Пастуха граница точно не волновала. Поначалу он хотел собрать группу товарищей, напасть на пограничную заставу, убить нескольких часовых, разогнать остальных и проделать дыру в колючей проволоке, достаточно широкую для прохода армии. Именно такие деяния, объяснил он, поддерживают националистический дух. Мне удалось его уговорить, напирая на то, что стычка такого масштаба затруднит мое передвижение по Югославии. Он неохотно согласился.
— Тогда мы найдем место, где сможем незаметно перейти границу. Станем двумя пастухами, бредущими за стадом. Разве козы что-то знают о границах и колючей проволоке? Козы знают только одно: они должны щипать травку. А на другой стороне границы мы оставим коз другу, и я лично отведу тебя в деревню, где живет Анналия. — Его лицо расплылось в широкой улыбке. — К наступлению ночи ты будешь качать сына на колене.
Глава вторая
К наступлению ночи я качал сына на колене.
И какой отличный у меня рос сын!

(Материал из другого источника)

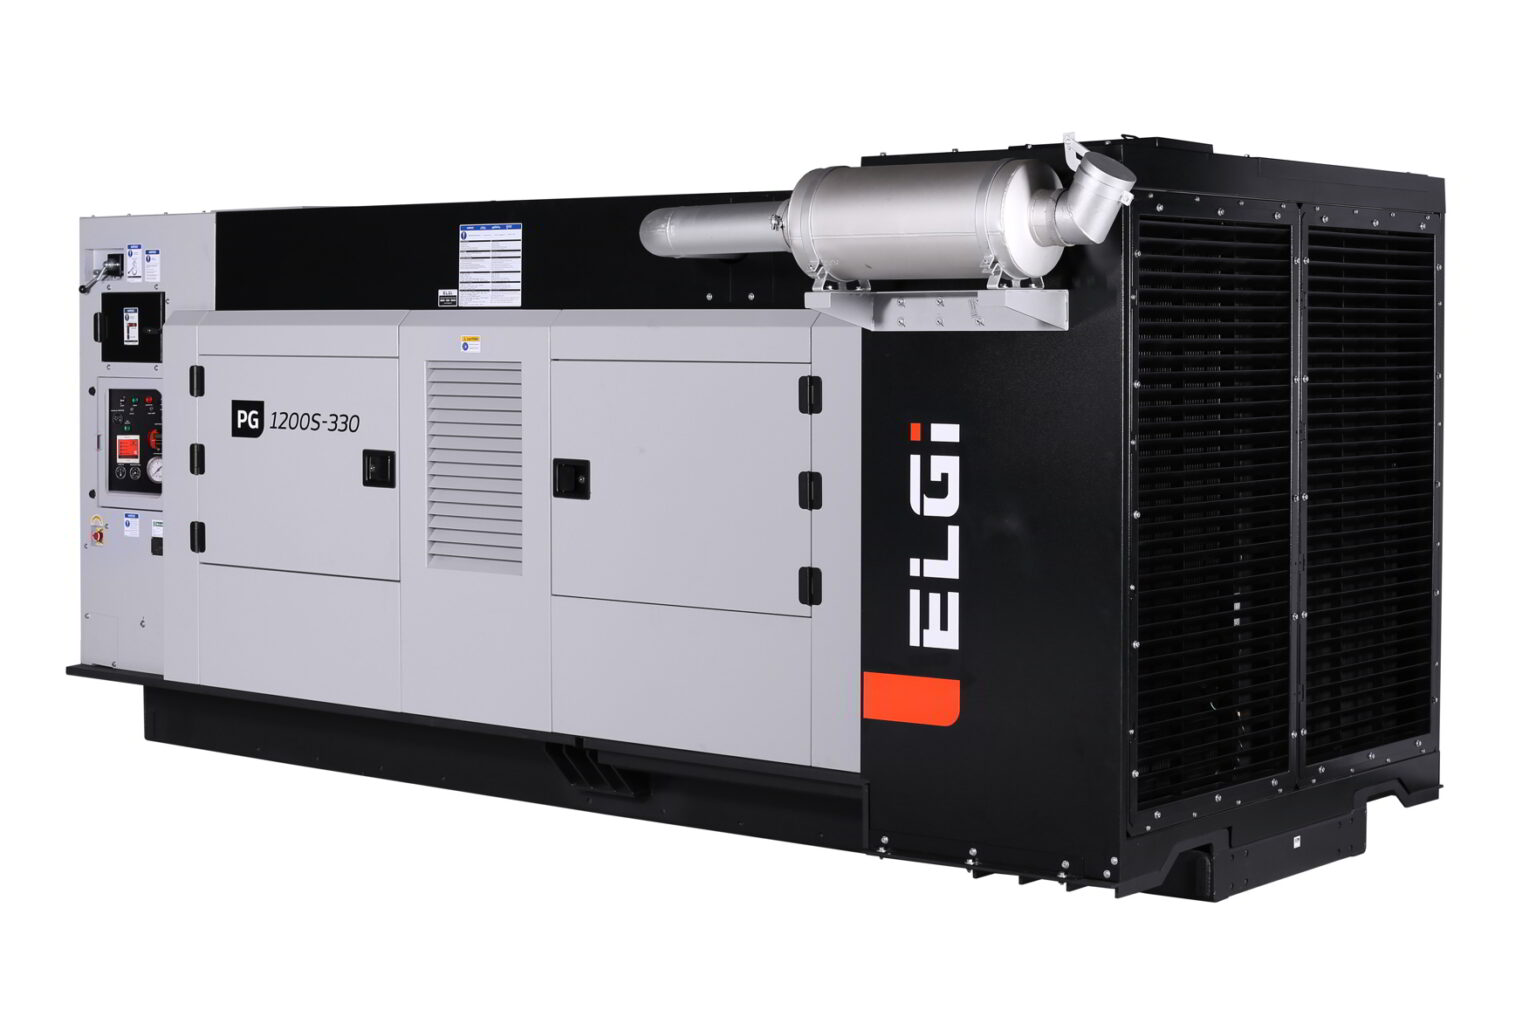 ELGi PG 1200S-330 – Aust Air Compressors

Рисунок, пусть и достаточно точный, не передавал его живости, блеска темных глаз, свечения розовой кожи, силы, с которой его маленькая ручонка сжимала мой палец. А как он пинался и кричал, как зевал, как сосал палец, как смеялся, когда я, как идиот, строил ему гримасы.

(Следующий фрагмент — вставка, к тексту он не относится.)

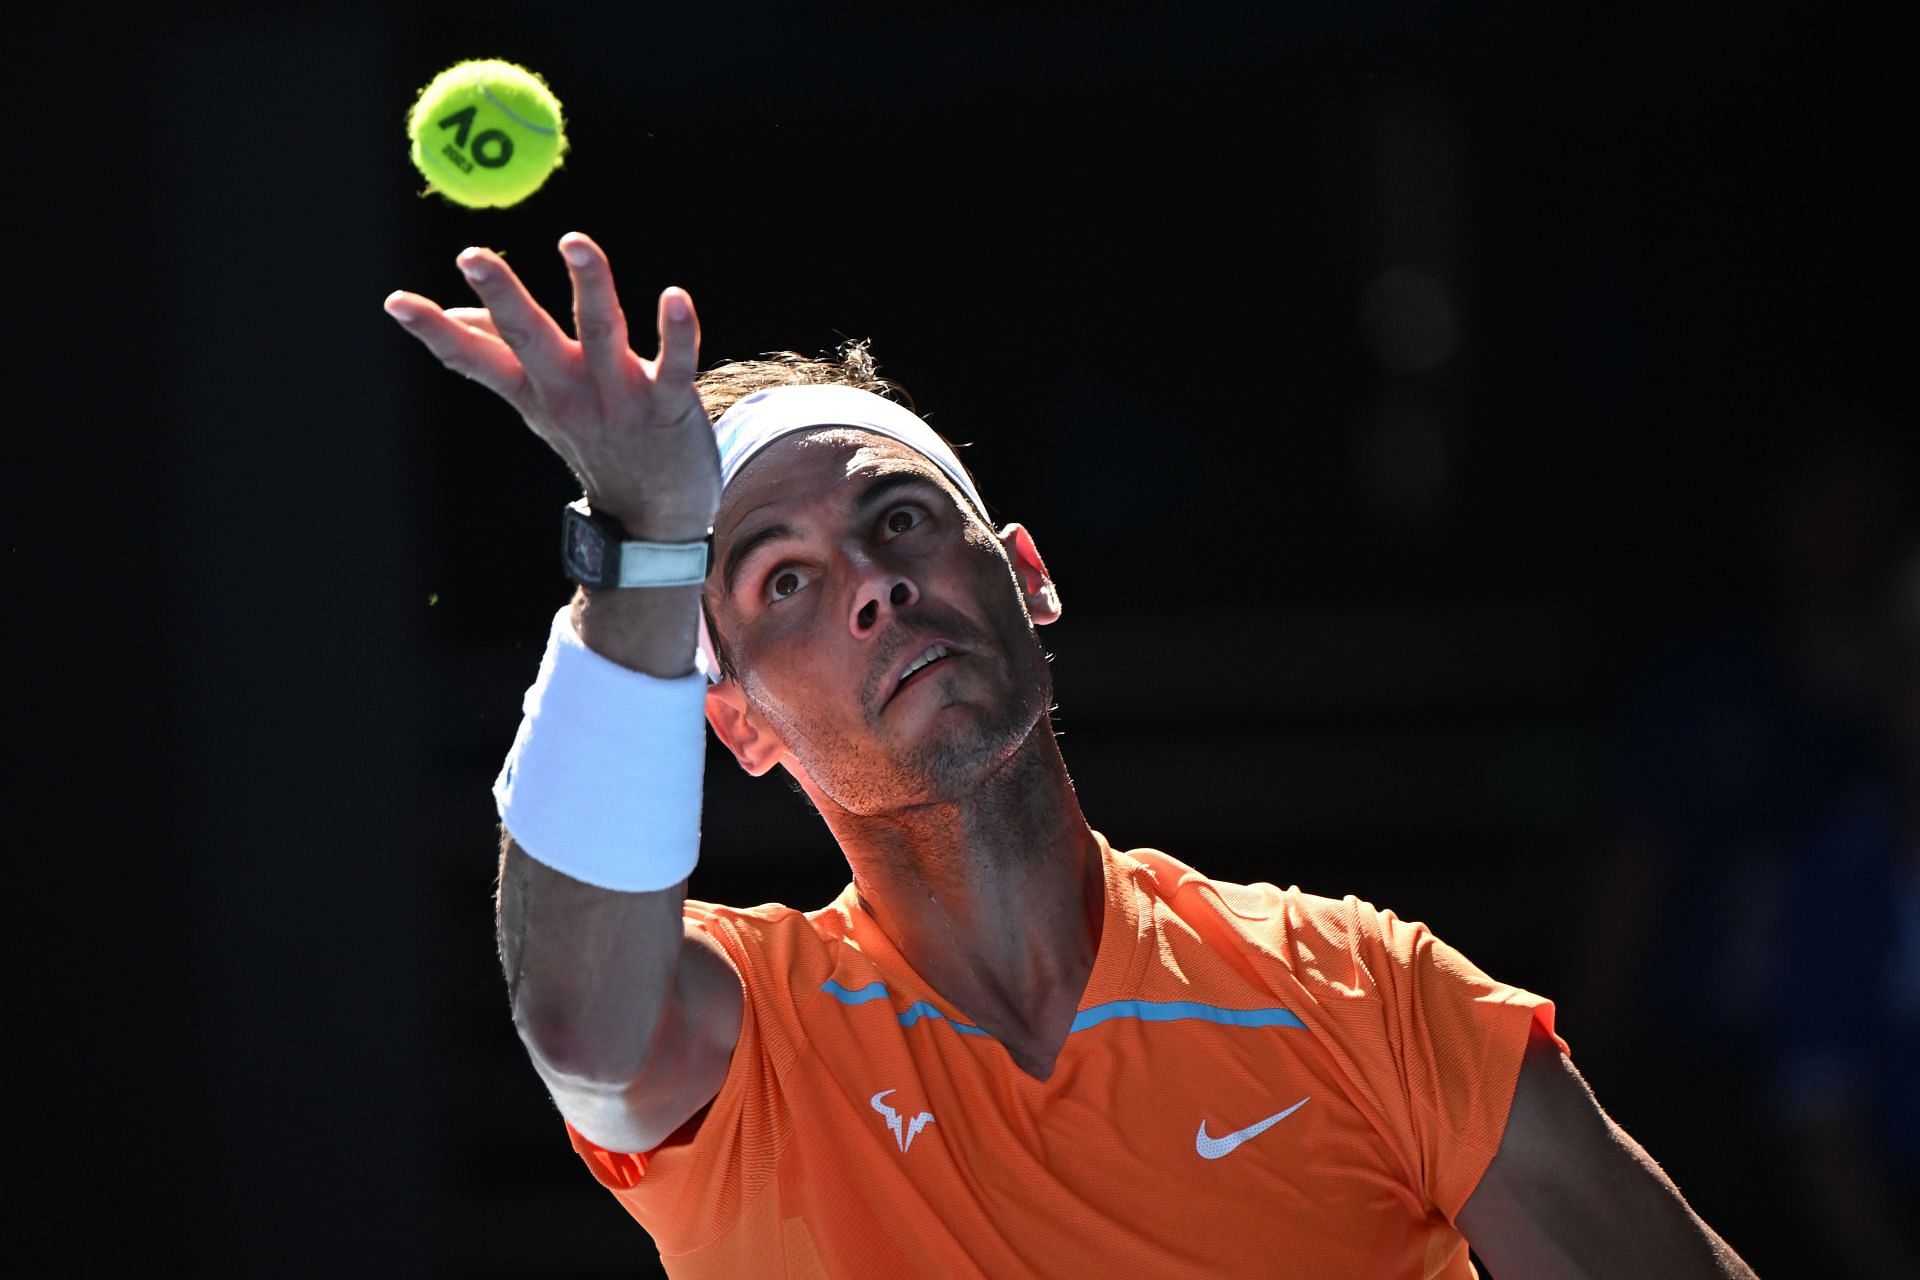 Rafael Nadal serves at the Australian Open 2023

— Он — здоровенький мальчонка, — сказала мне Анналия. — И очень сильный.
— Сколько ему?
— Почти шесть месяцев.
— Он большой.
— Большой для своего возраста. И такой толстый.
Маленький Тодор вновь засмеялся. Посмотрел куда-то в потолок, потом уставился в мою переносицу.
— Я ему нравлюсь.
— Естественно. Ты удивлен?
— Я думаю, он меня узнает.
— Он просто тебя знает. Ты же его отец.
— Умный мальчик.
Мы сидели, скрестив ноги, на земляном полу маленького однокомнатного домика в нескольких милях от Кавадара. Анналия и Тодор делили домик с бездетной крестьянской парой. Старая женщина приготовила нам ужин, после вместе с мужем отправилась к живущим по соседству родственникам, чтобы провести у них два-три дня. В очаге горели толстые поленья. Отсветы огня освещали моего сына и его мать.
После родов Анналия стала еще краше. Длинные светлые волосы поблескивали в свете очага. Она наклонилась вперед, чтобы вытереть уголки рта Тодора, и я с удовольствием прошелся взглядом по ее пышным формам, высокой груди, колышущейся под толстой кофтой. Я помнил это прекрасное тело, ставшее моим в ночь зачатия Тодора.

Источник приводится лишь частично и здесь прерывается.